Tuition is no longer a luxury, but a necessity in the never ending rat race for success:
Before the exponential growth of tuition centres across Asia, tuition was seen as a luxury to many due to the high cost in affording the fees as well as the less competitive environment children experienced in the past. In the past, it wasn’t crucial to have tuition as the education system was not as rigorous and demanding as now. Let’s fast forward to the present. One’s likelihood of seeing tuition centres in Asia in every neighbourhood district is as good as 98%, with students packing each tuition agency after school and during weekends. The reason for this drastic change in the education scene? Professors and researchers suggest that due to the world being more educated than before, it’s easier to obtain a high level of education for the average joe. This mass amount of people receiving higher education in today’s day and age leads to the fierce competition of white collar job opportunities today. Parents recognise that in order for their child to succeed in this harsh world, the only way to do so is through education which could explain why the shadow industry is able to earn exorbitant amounts from parents by providing services to better equip their child with tough vocabulary, drilling sessions of mathematics test papers and endless memorization of science concepts.

Does Competitiveness truly equate to effectiveness?
Though tuition has become a new social norm in Asia, many question its effectiveness as every child in different and so is their learning style. A child who loves mathematics might be unable to comprehend the beauty of language and similarly, a child who immerses themselves in the fine arts might be unable to grasp the mechanical aspects of science and mathematics. Hence, many deem it as a double-edged sword: serving as both a lifeline and a threat. It can’t be denied that tuition does serve its purpose in successfully enabling students in scoring excellent marks in their examinations, it also proves to be a source of additional stress to their already demanding school life as well as a threat to their creativity and ingenuity. With extra curriculum in place to ensure a wholesome education for students, students are busy juggling all aspects of their life while surviving on unhealthy levels of sleep. By adding on tuition classes, students might feel additional pressure in performing well in their academics which might give off the opposite reaction or worse; death. Likewise, this rigid perception of obtaining the best result could potentially kill off one’s creativeness at such a young age. Creativity and Ingenuity have long formed the basis of man’s progression. Without it, society can crumble within a millennium.

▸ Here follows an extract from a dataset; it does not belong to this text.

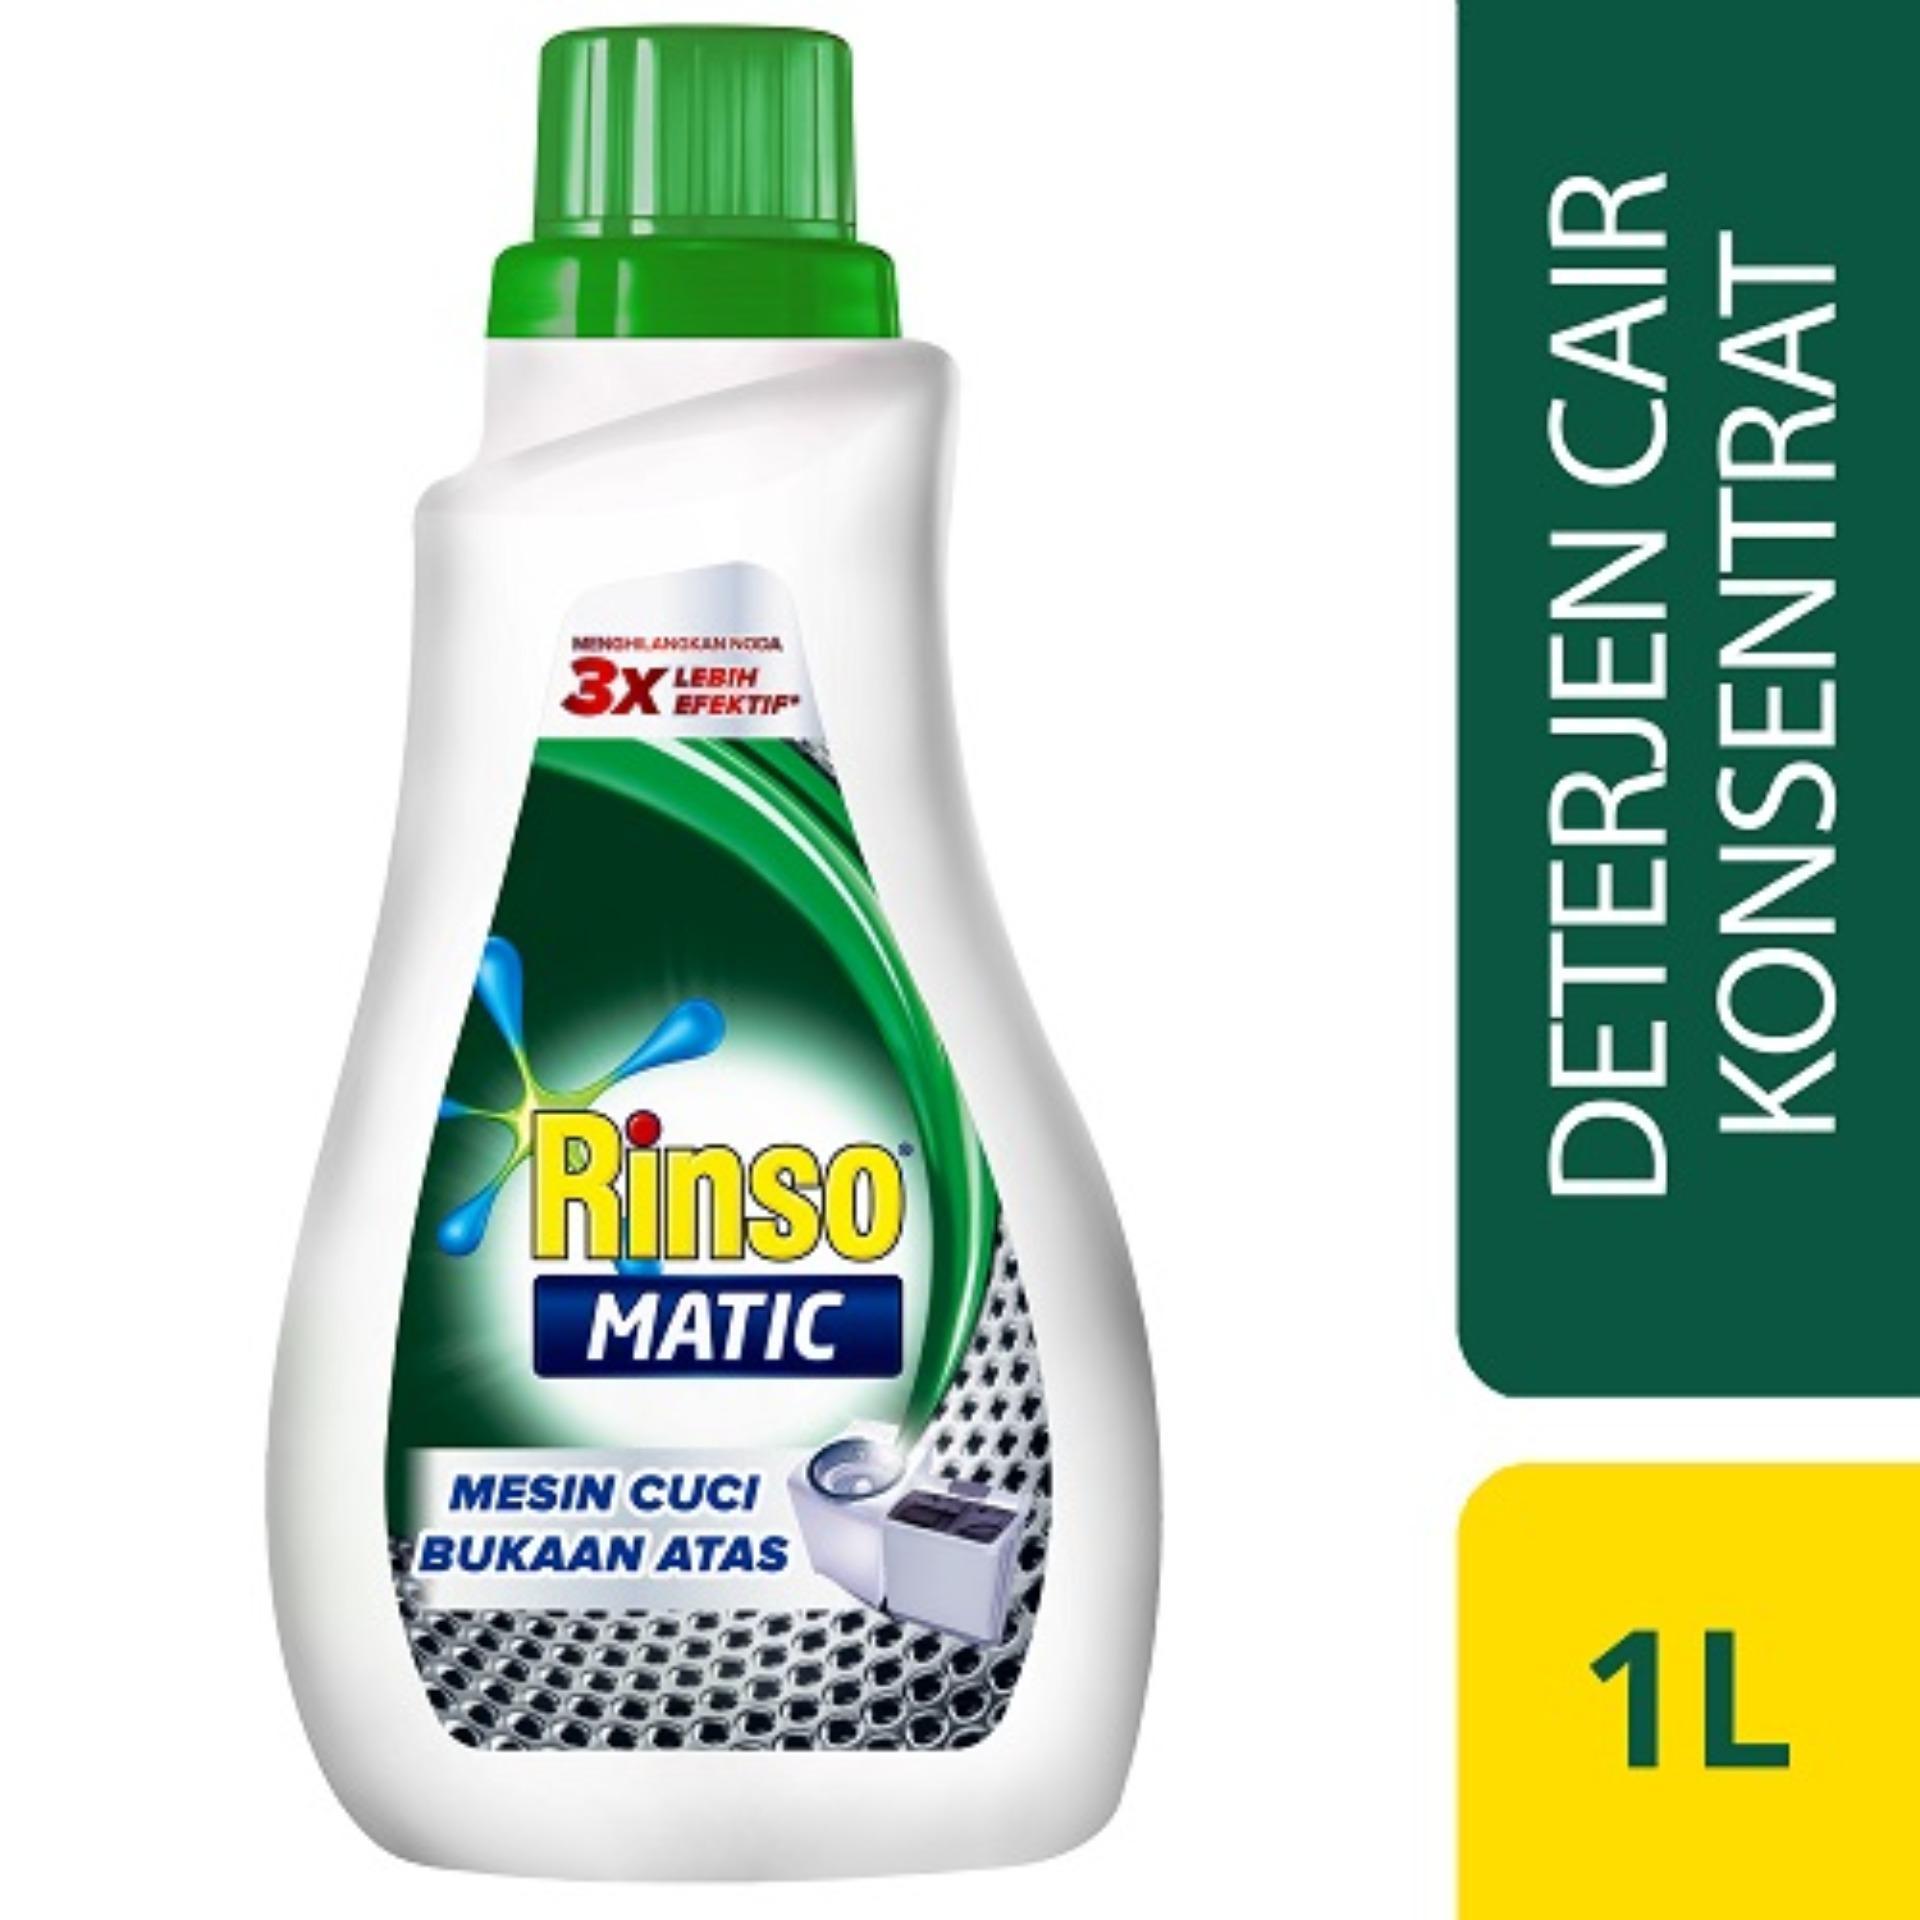 Rinso Matic Cair Mesin Cuci Bukaan Atas Botol - 1 L

As an overly-tired teenager juggling my academic school life as well as tuition classes that pack my weekends, I strongly believe that although tuition has its benefits in equipping a child with information, a line must be drawn in ensuring that a child is still able to have a stress-free childhood and a space to be creative. After all as seen from the movie Terminators, Robots can be torn apart and fixed back together but humans can not.